──────── Recorded data ────────

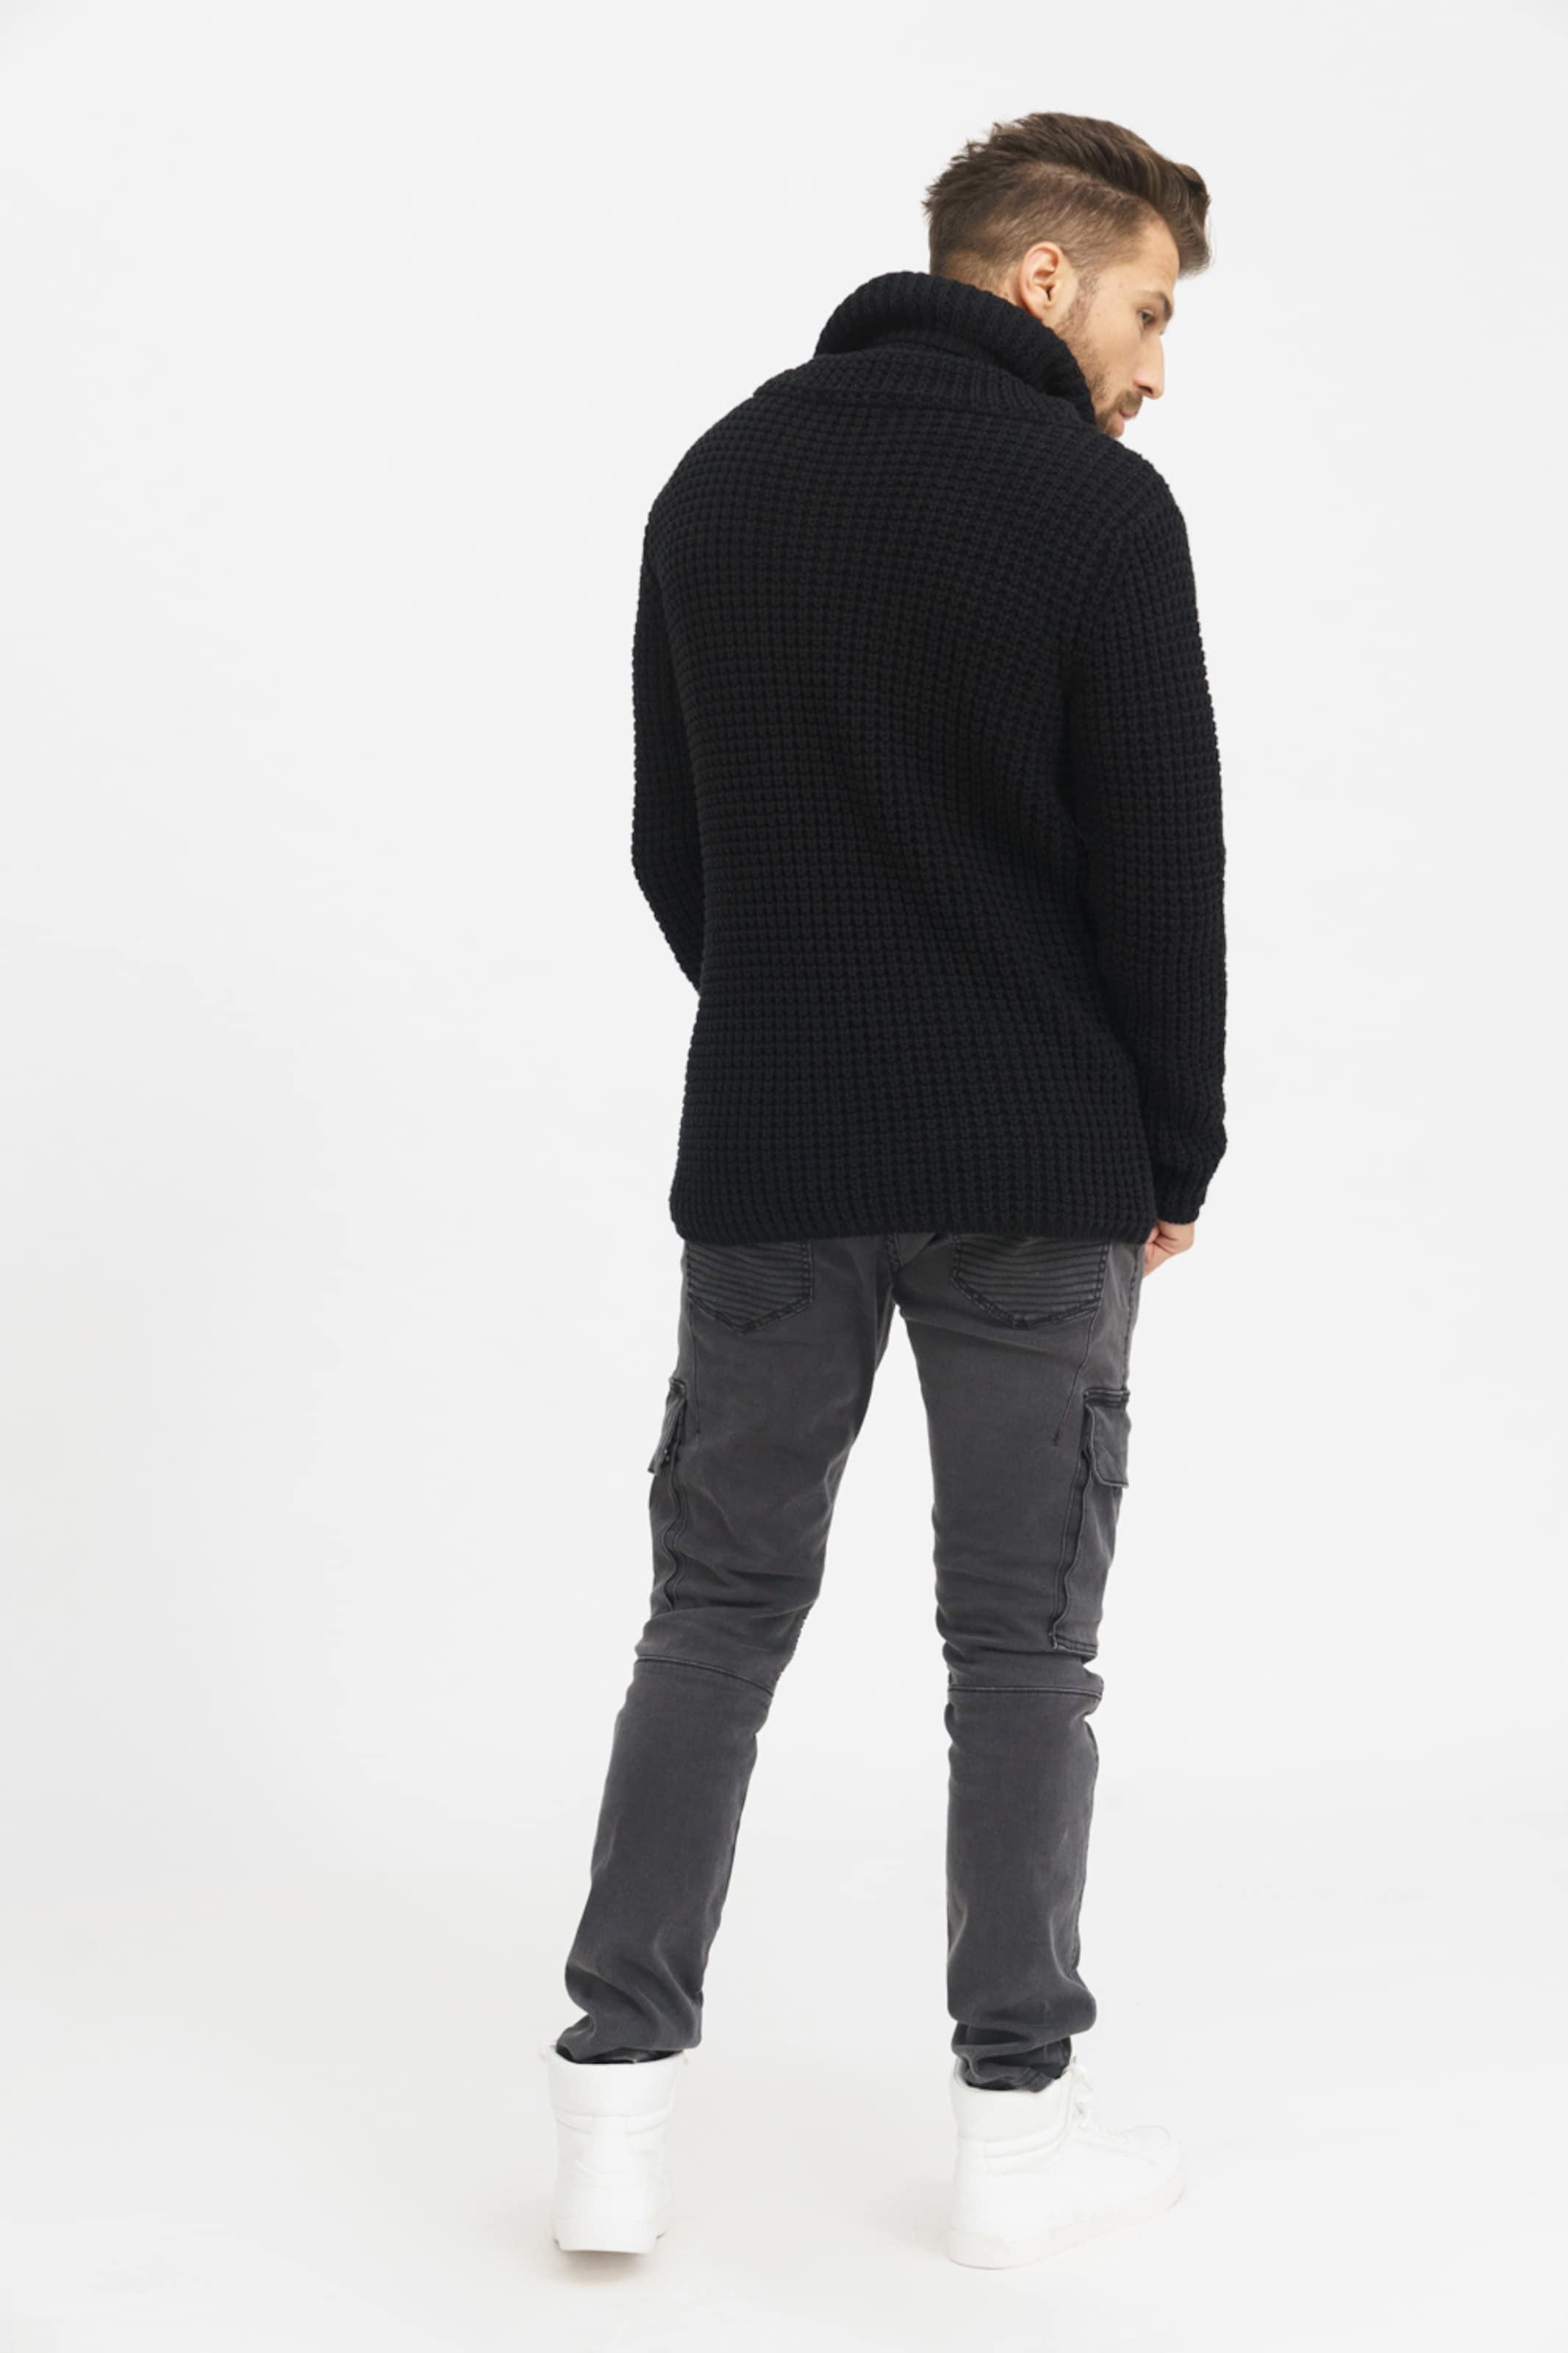 Trueprodigy Pullover 'finn' In Pullover 'finn' Trueprodigy Schwarz Schwarz In htsQCxdr
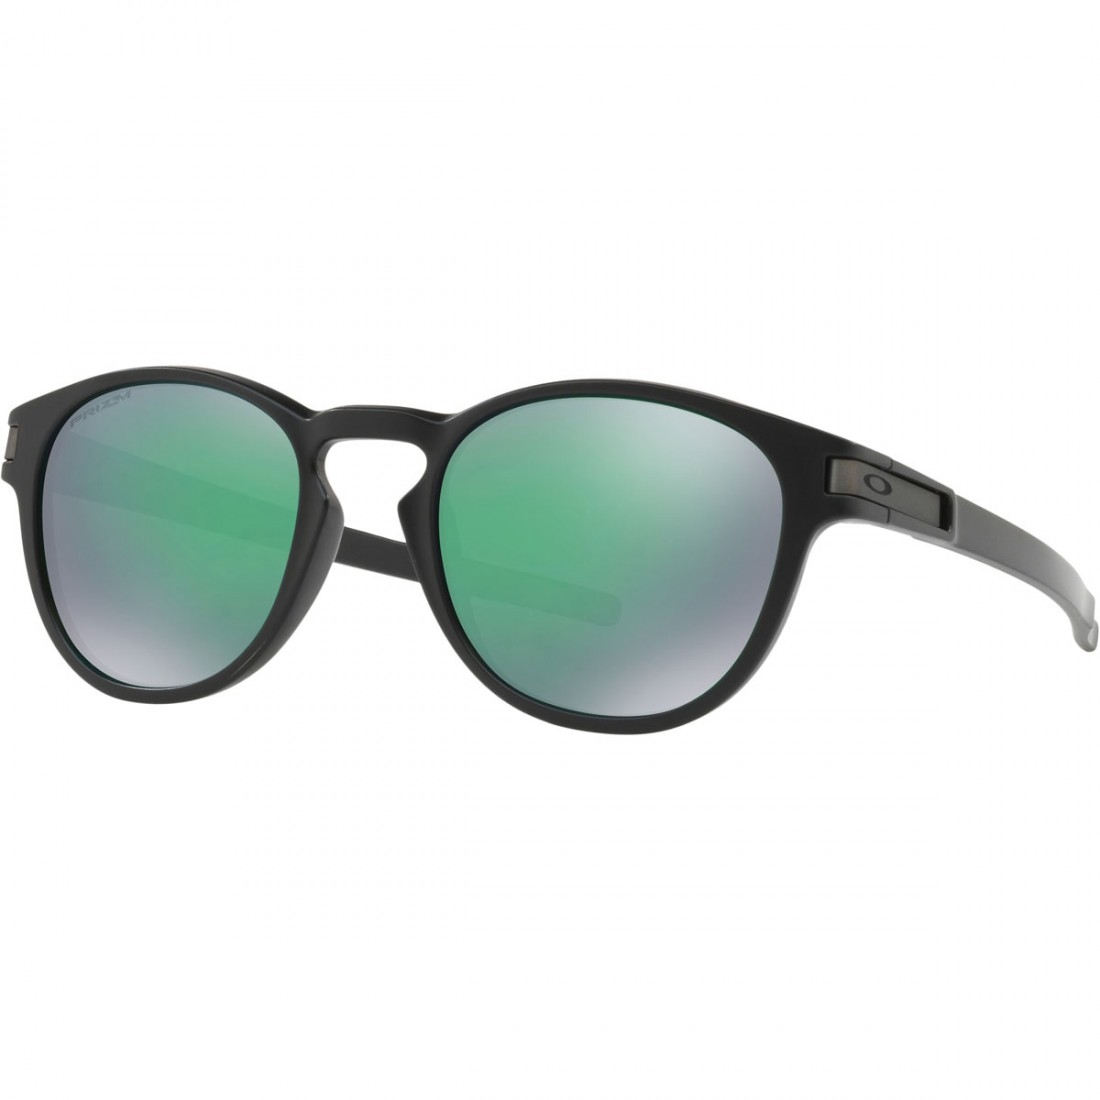 a6739198c4 OAKLEY Latch Matte Black   Prizm Jade Sun glasses · Motocard
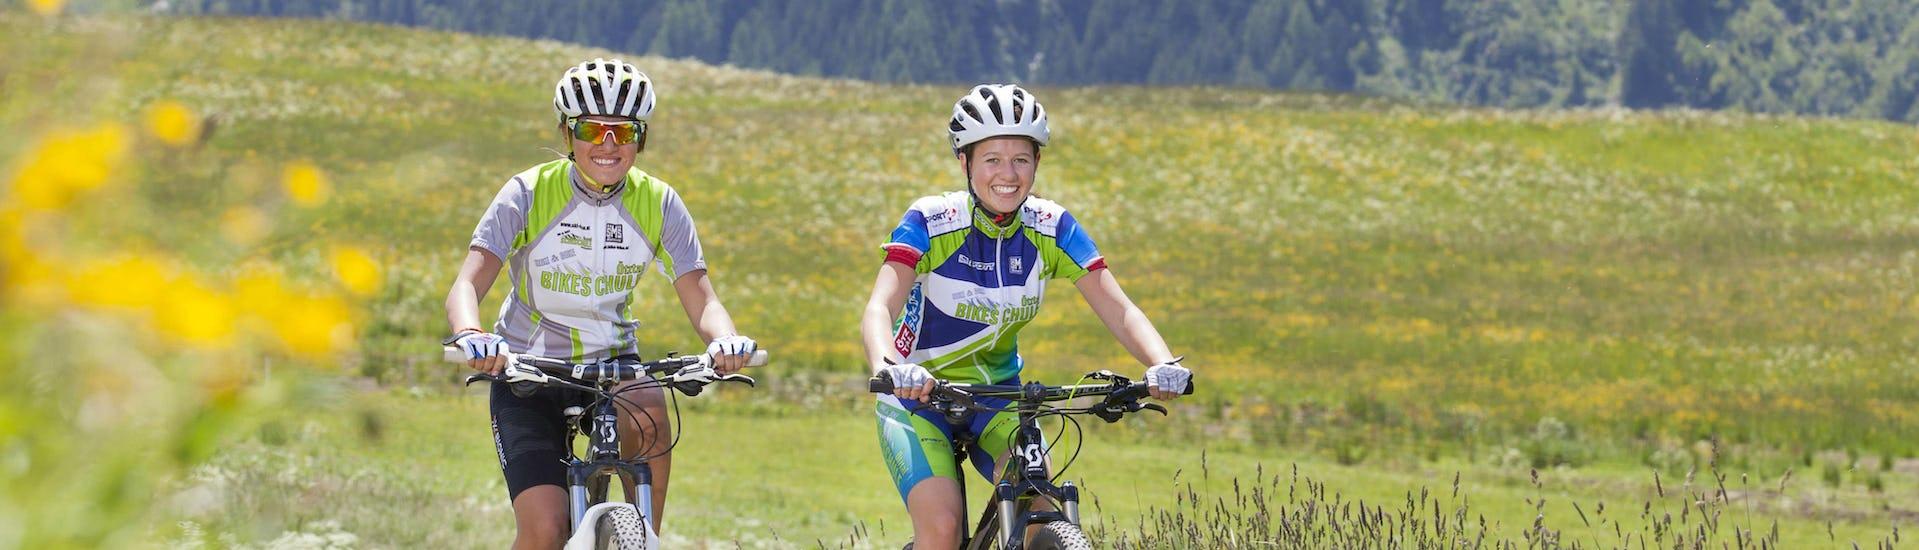 Mountain Bike Tours in Sölden - Advanced
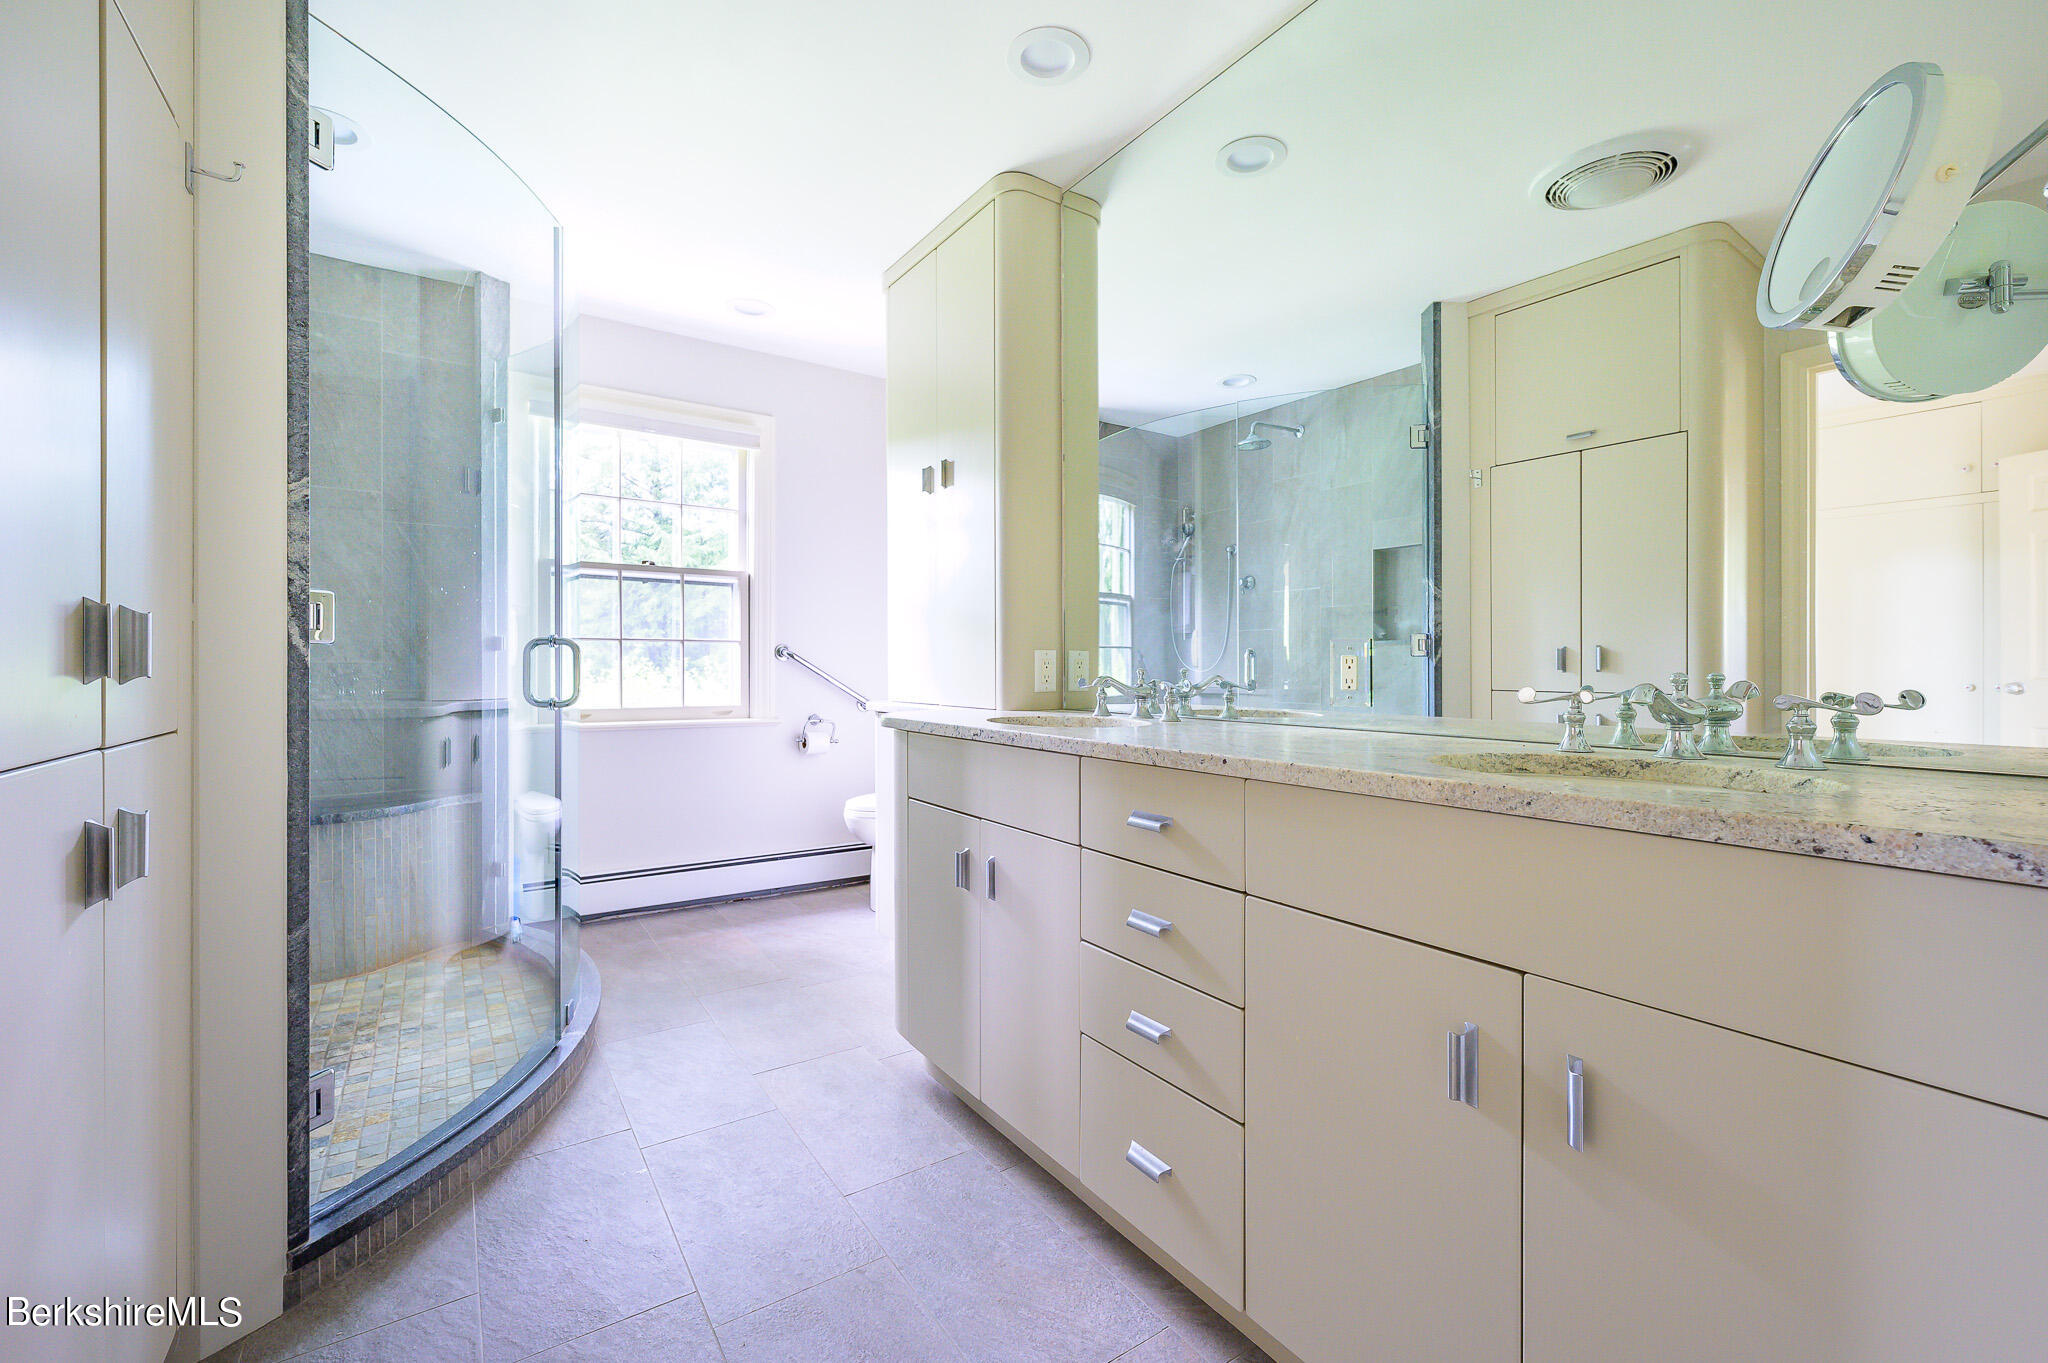 Property located at 2190 Dublin Rd Richmond MA 01254 photo

────────

Directions for this task: Copy the data exactly. Pictures do not belong in the copy.

Answer space:
 Trueprodigy Pullover 'finn' In Pullover 'finn' Trueprodigy Schwarz Schwarz In htsQCxdr
 a6739198c4 OAKLEY Latch Matte Black   Prizm Jade Sun glasses · Motocard
 Mountain Bike Tours in Sölden - Advanced
 Property located at 2190 Dublin Rd Richmond MA 01254 photo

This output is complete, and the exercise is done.